I actually liked this character. I don't think she's as cold as she seems - there was a flash of sadness when she first heard that her mother was ill. I think she's just had a lot of hard things happen and apparently a lot of unfinished business with her mother.

Since her siblings are getting checks too, maybe they were like the Partridge Family! Lol

My guess is like the others - she's in her 30s. As to her name, I'm not crazy about the name Tuesday, but then again, it sounds like a name some goofy starlet would give herself. I'd like to make a prediction that, by the end of her story, she will go back to being Christy.

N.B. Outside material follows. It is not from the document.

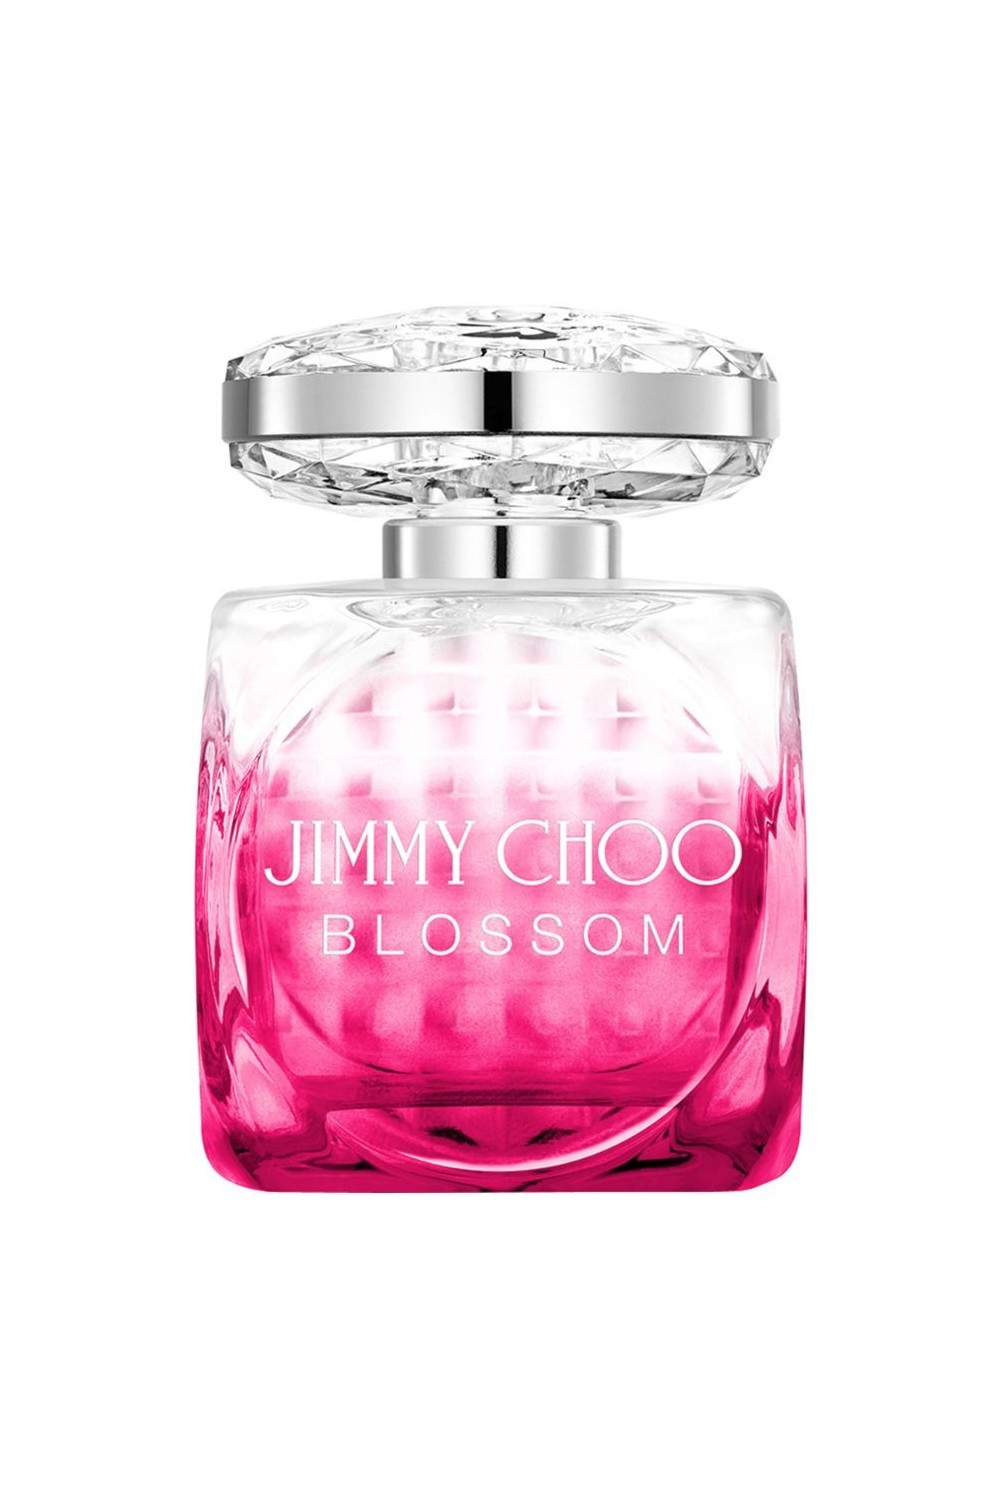 Jimmy Choo Blossom Eau De Perfume Spray 40ml
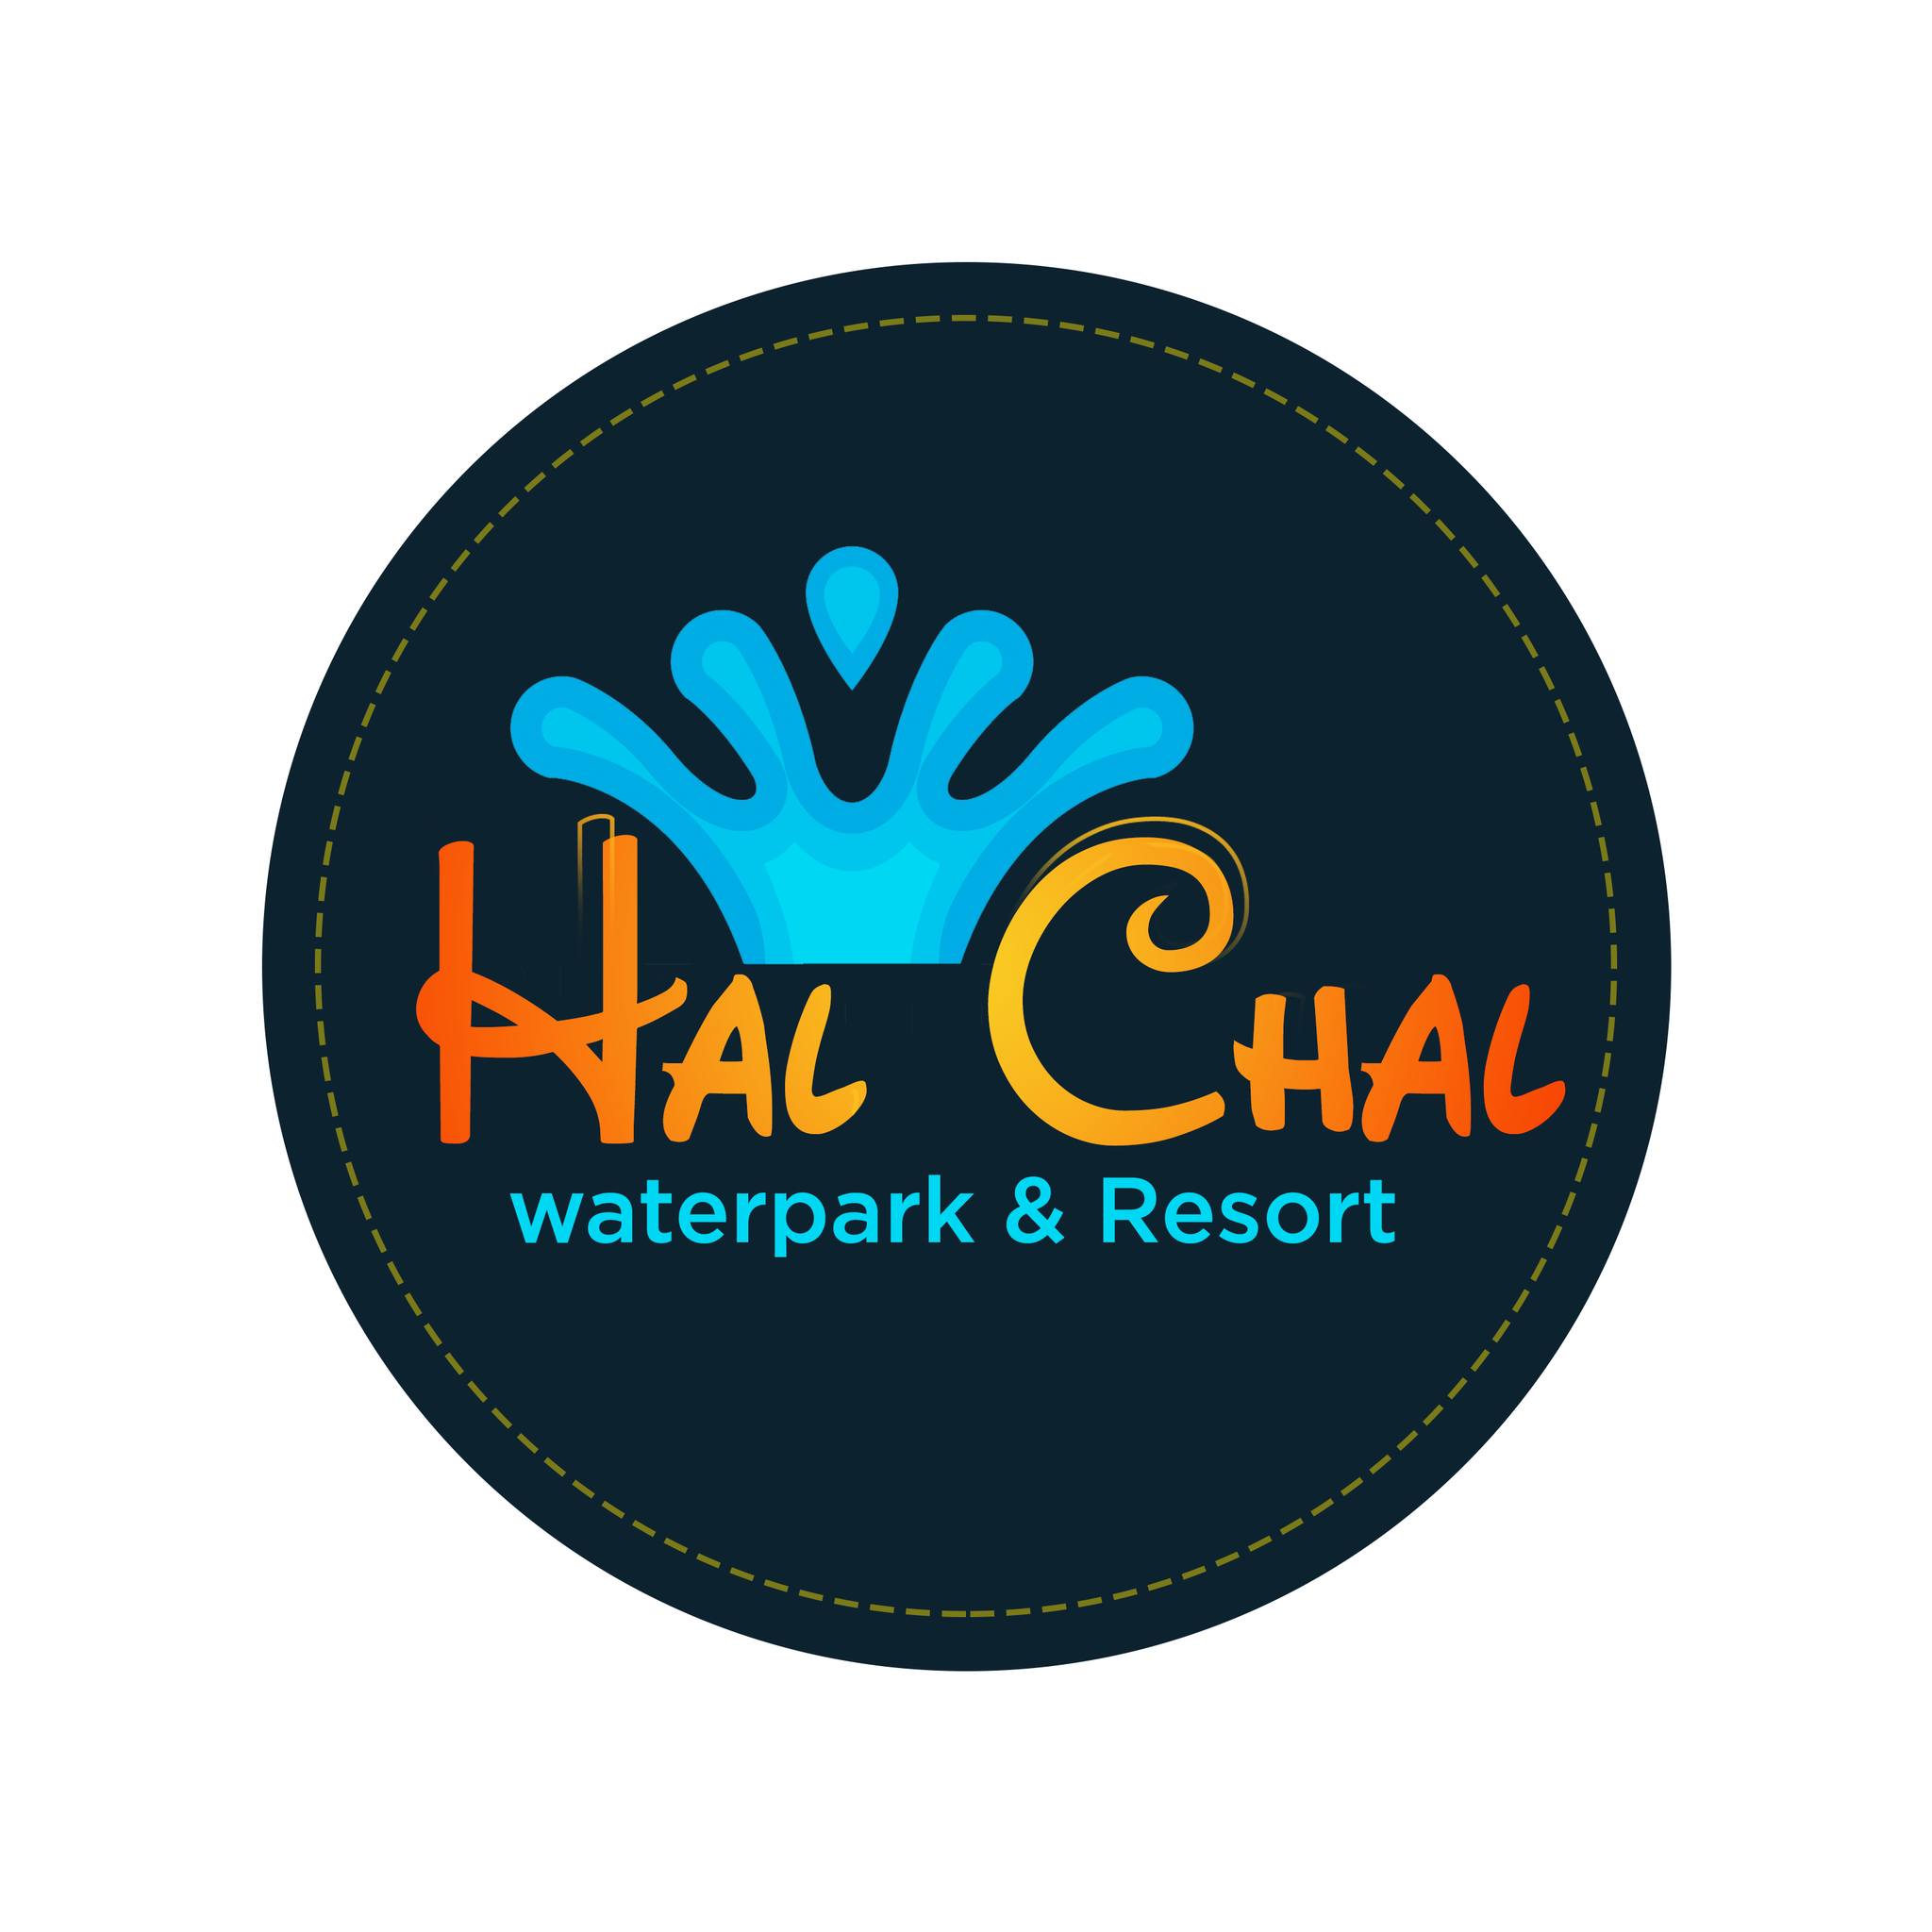 Halchal Waterpark|Movie Theater|Entertainment

I'm liking all of this so far Angie, and looking forward to the complete story!

Anonymous said...

PS Angie,
Didn't read the blog yesterday, so I just read about Janette. I was thinking J/ was hit by a teenager (or older if they've been married 30 yrs), but hit by one of her kids. COULD be an Alzheimer's parent, but I think kid. And that's because if it was her husband, typically she'd be less solicitous of his feelings, and more anxious about him finding her.
Just my 2 cents. Mary Kay

Kay Day said...

I like Tuesday and I like her name.
I think she's very lonely. Nobody ever calls her cell. Friends call your cell, even when you ask them not to.

I feel for her.
I think she was part of something she no longer wants anything to do with. She hates being associated with the show. She's been hurt. Maybe even beyond losing her dad and brother.
I picture her in her 30's, but could be younger. Especially if it was a reality TV show.